As the League has been reporting, a massive, ongoing unemployment insurance fraud scheme is impacting consumers and financial institutions throughout Maine. On Tuesday, the Maine Department of Labor issued a press release outlining the steps the department will be taking to combat this fraud. The U.S. Secret Service also briefed the League on their coordinated response. Because this effort is multi-faceted, the League encourages credit unions to remain vigilant.

  • As employers, if you are asked to verify the employment status of a current employee, it is important to reject the claim as quickly as possible. The League also strongly recommends notifying the employee about the inquiry, as their personally identifiable information could be in the hands of criminals. That employee should notify the Maine Department of Labor if they believe someone has used their identity to fraudulently apply for or obtain unemployment benefits. The online complaint form is at https://www.maine.gov/unemployment/idtheft/
  • For members, the League encourages you to remind them to check their accounts regularly for suspicious activity. If they see an unanticipated unemployment claim, they should notify you as quickly as possible so you can send the money back to the state. They also can place a free credit freeze on their credit with the three major credit reporting agencies. The credit freeze will prevent unauthorized parties from accessing their credit reports.
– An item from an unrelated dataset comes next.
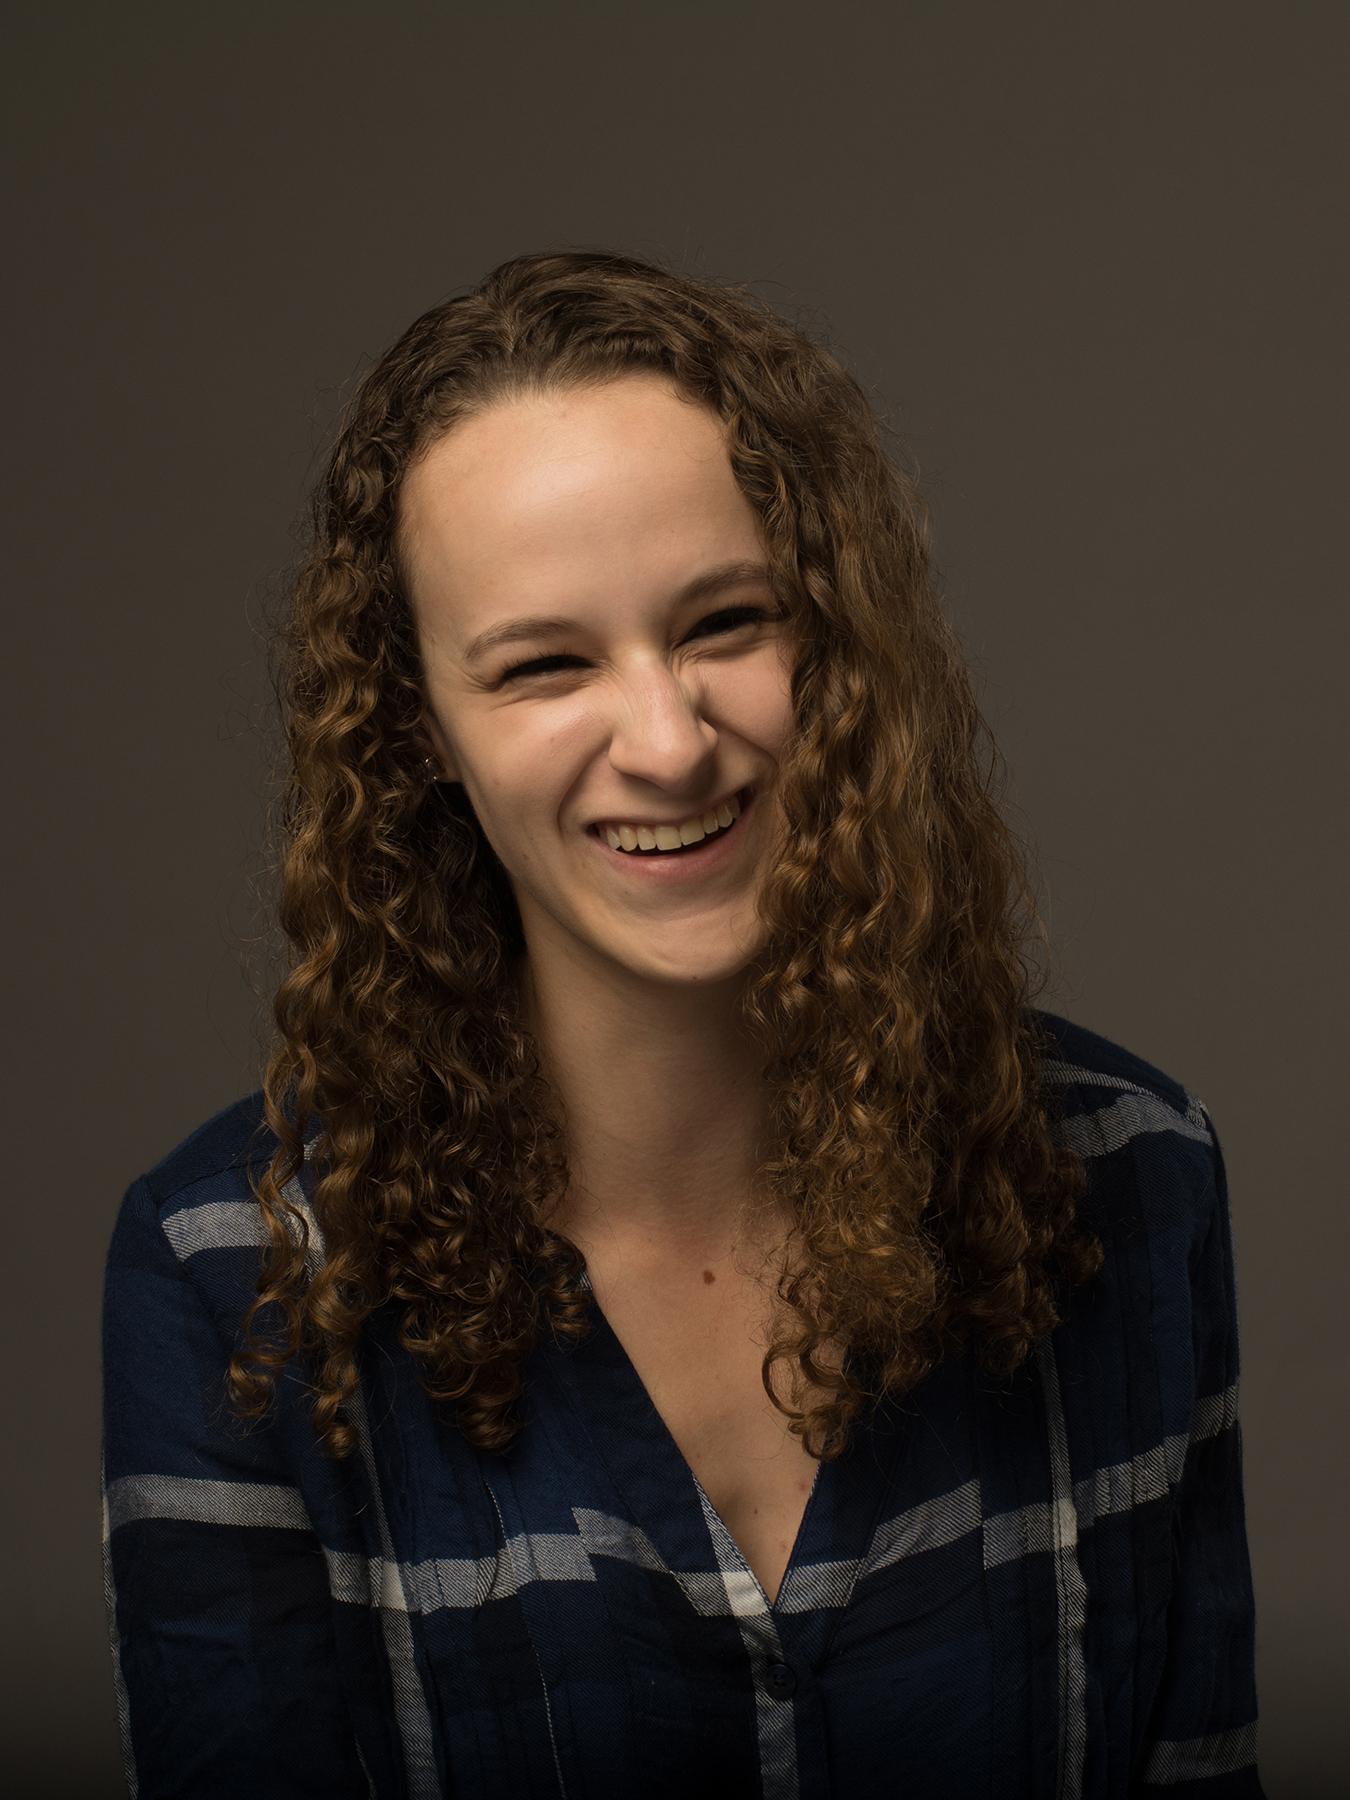 Ariel Blackman — Outstanding Undergraduate
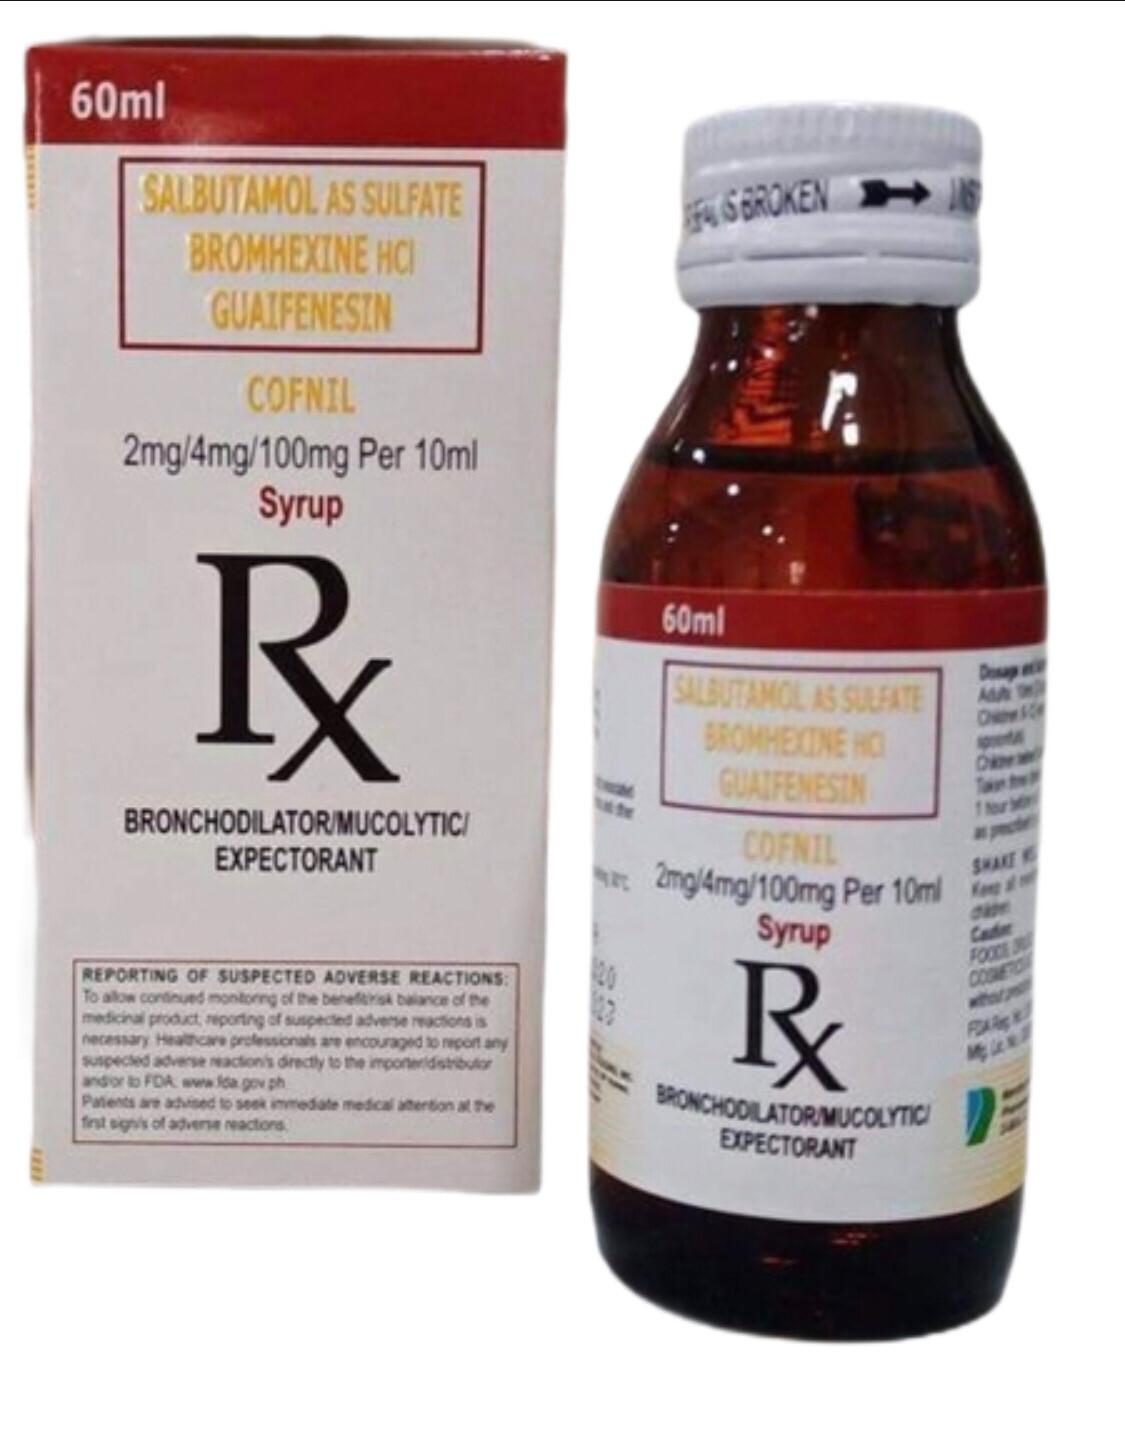 Salbutamol + Bromhexine HCl+ Guiafenesin 2mg/4mg/100mg per 10ml Syrup

For more information, you can direct them to the Maine Credit Freeze Fact Sheet.
  • In the course of business, credit unions should take the following steps:
    • Continue to scrutinize new online accounts, especially those set up by people from out of state.
    • Utilize incoming ACH files and ACH warehouse reports to ensure the name on the ACH transaction matches the name on the account.
    • Check with members if they are receiving a transaction that seems suspicious.
    • Be suspicious of frequent unemployment transactions, or unemployment transactions from a variety of states.
    • Make every effort to return fraudulent items before they post to member accounts.
    • Continue filing SARs reports. Remember that SARs can be filed for any amount of money if you have reason to suspect a transaction is related to some form of illegal activity. Please reference “Unemployment Fraud Scheme” in bold on the report to help the Department of Justice more easily flag activity that could be part of this fraud scheme. Provide as many details as possible on the SAR, including a summary of any conversations you had with your member about the inquiry.

If you have questions or need additional assistance related to fraud, contact Ellen Parent, the League’s Legislative & Regulatory Advocacy Coordinator, at eparent@mainecul.org, or Rebekah Higgins, Synergent’s Payment and Fraud Consultant, at rhiggins@synergentcorp.com.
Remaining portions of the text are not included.